刚才在楼梯口发生的那一幕,几乎所有的人都听到,都看到了。看着他们,她们脸上惊愕的表情,我心里有种说不出的痛。怎么倒霉的事全让我给撞上了,我招谁惹谁了?
一向好事的死党大山面带怜悯的吟道:“兄弟们,姐妹们,为我们的阿呆祈祷吧,让我们英明的主管暂息雷霆之怒,饶恕阿呆这个罪人吧!如果我们的祈求无效的话,那就请主管别惩罚我们这些无辜的良民。”
大山的做作让在场的同事们无不前仰后合,笑成一片。
事已至此,我也没什么脾气可发了,只是一把将他从门边推开,没好气道:“闪开,要死一边死去。”
“哈哈,今天可有戏看了。”
“……”
不理众人的嘲笑,走到自己的办公桌一屁股坐下,冲还不肯罢休的家伙们摆手道:“诸位,圣人曾言,孰人无过,见笑,见笑了。”

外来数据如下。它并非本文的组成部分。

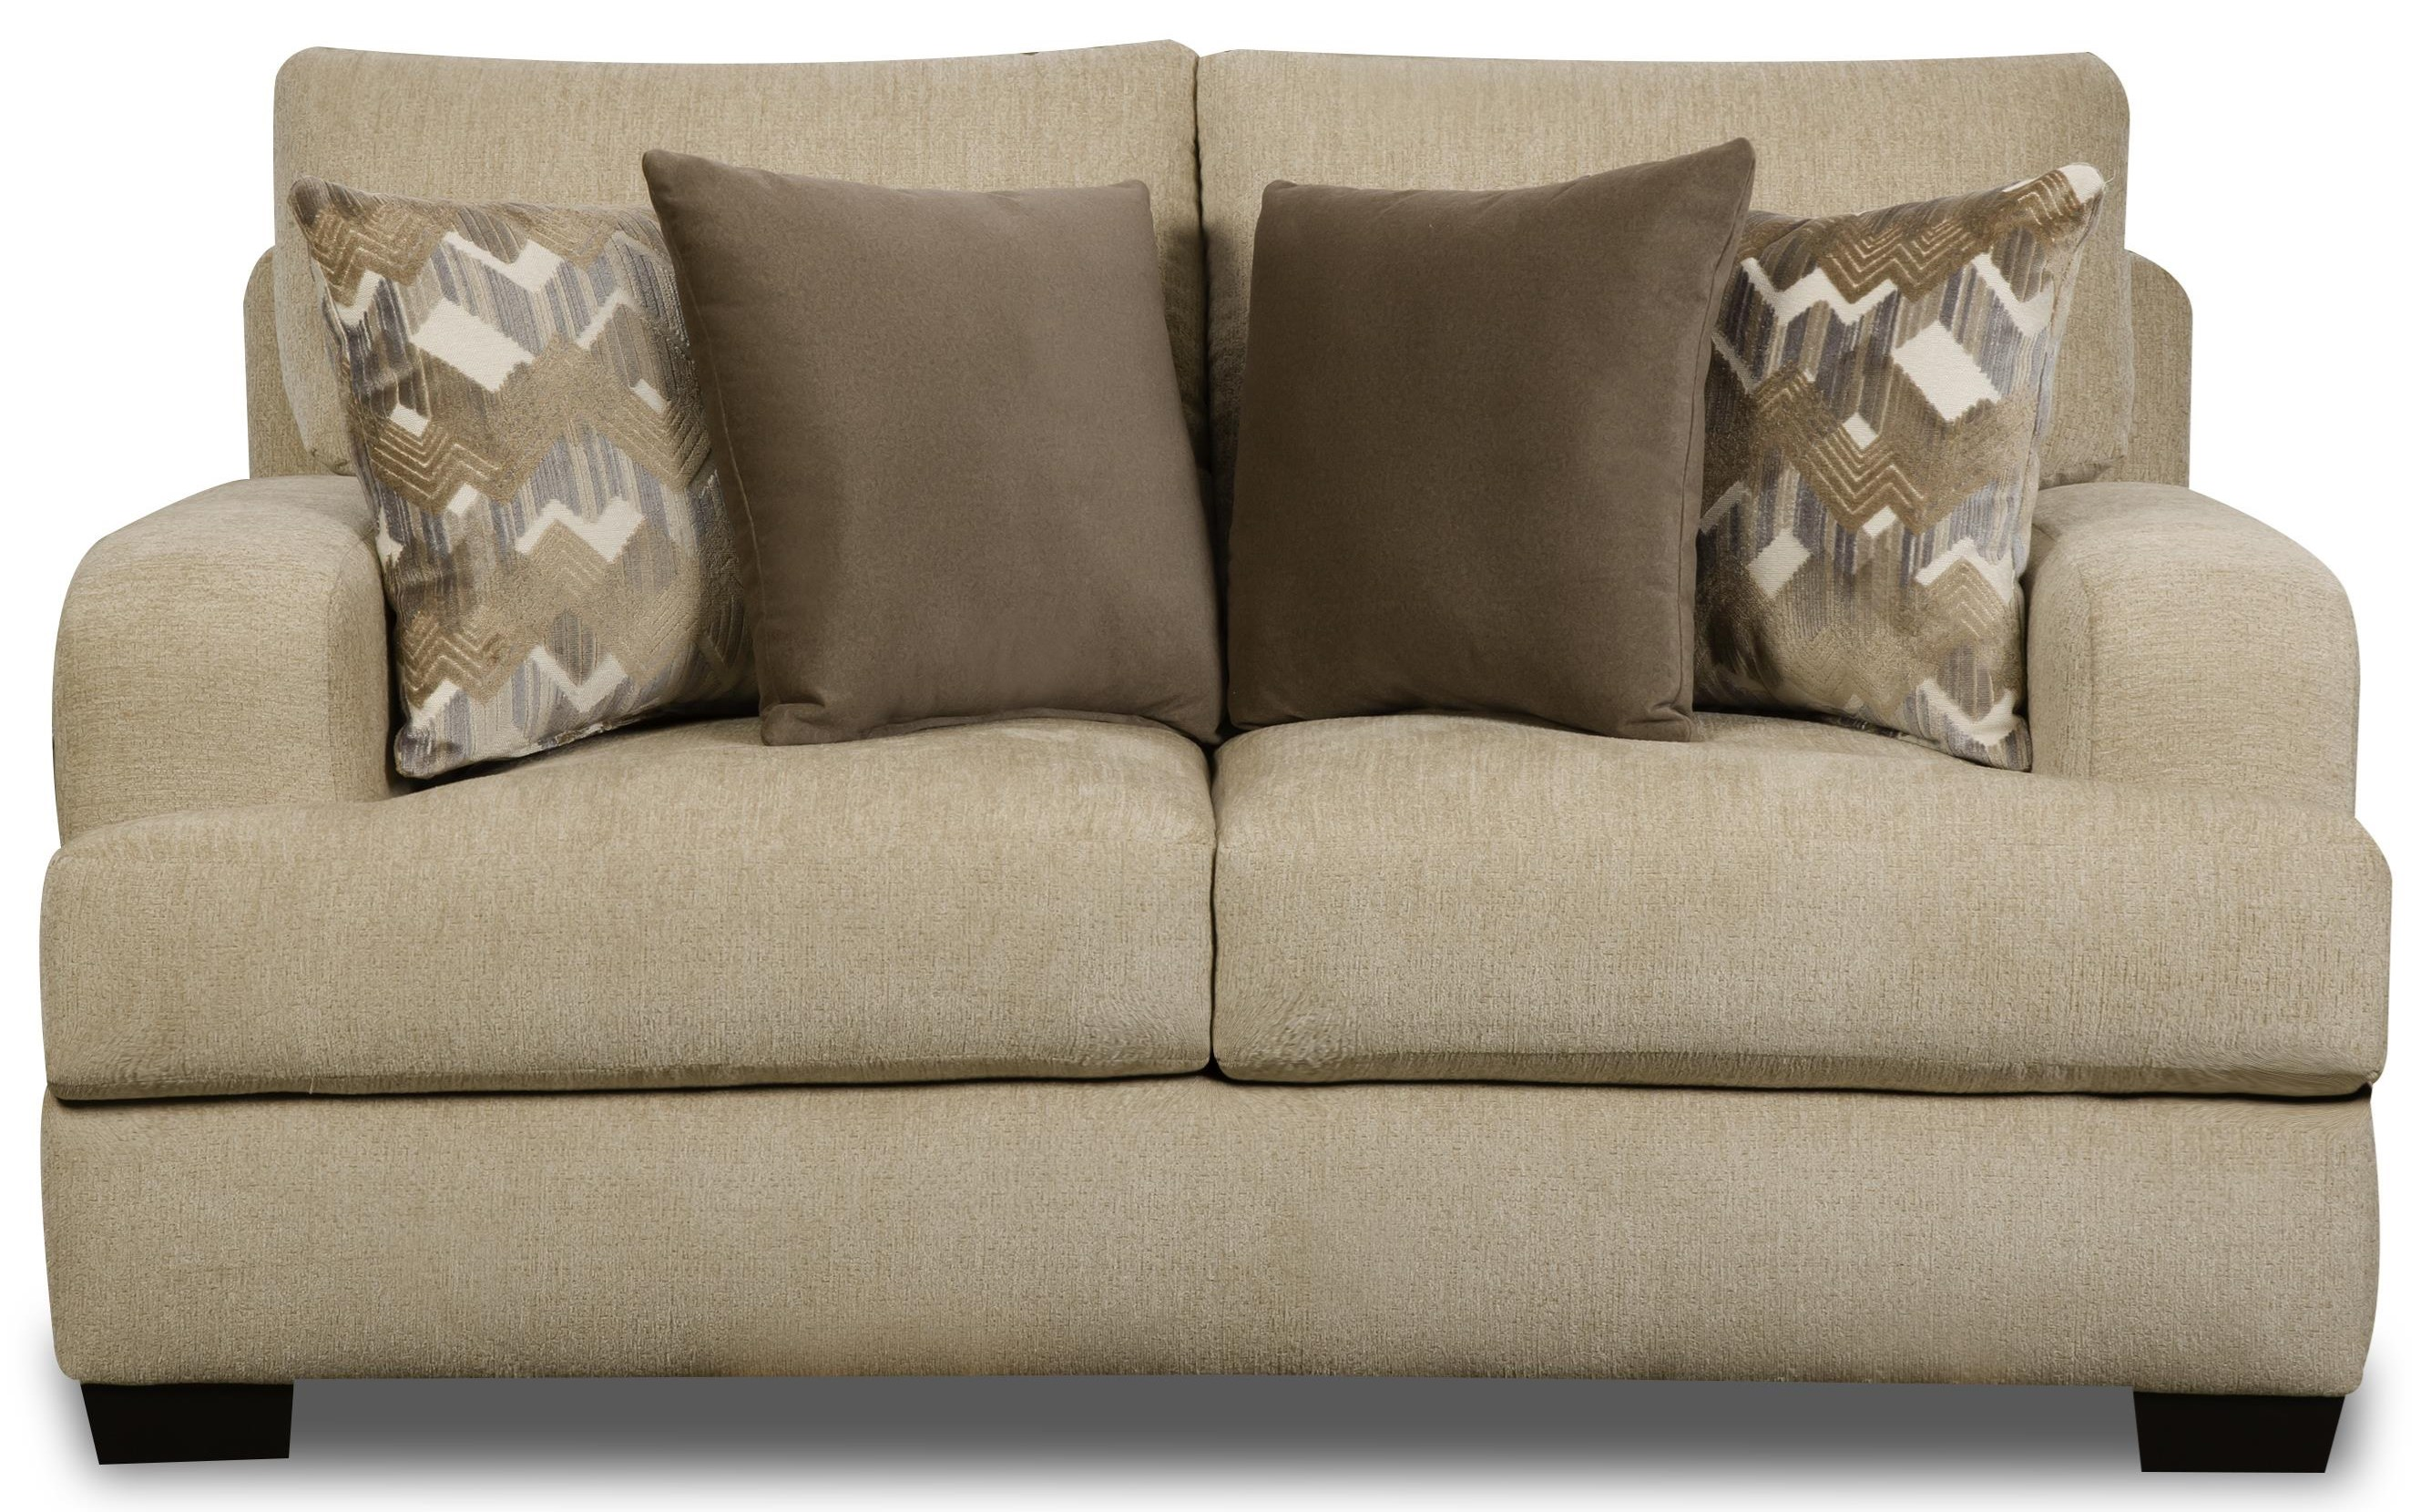 5200 Loveseat by Corinthian at Furniture Fair - North Carolina

众人又笑了一阵这才散去,恍惚间,我好像看到吕薇薇冲我投过了关心的目光,我假装没看见,唉,无脸见人呀。我神智恍惚的坐了一会后,才想到这是在上班时间,打开电脑准备开工,却发现桌上的剌球不见了,诧异的问道:“哎,你们谁见我的剌球了?”
“被马大姐扔了,她说公司有明规定,办公场所不许圈养具有‘可怕杀伤力’的动植物,括号,包括剌球。”
我一听当即就火了,心里暗骂:“我日,又是那个疯婆干的好事,妈的,不就是一盆花吗,摆明了跟死河马穿一条裤,跟我过不去,真的天生的贱货……”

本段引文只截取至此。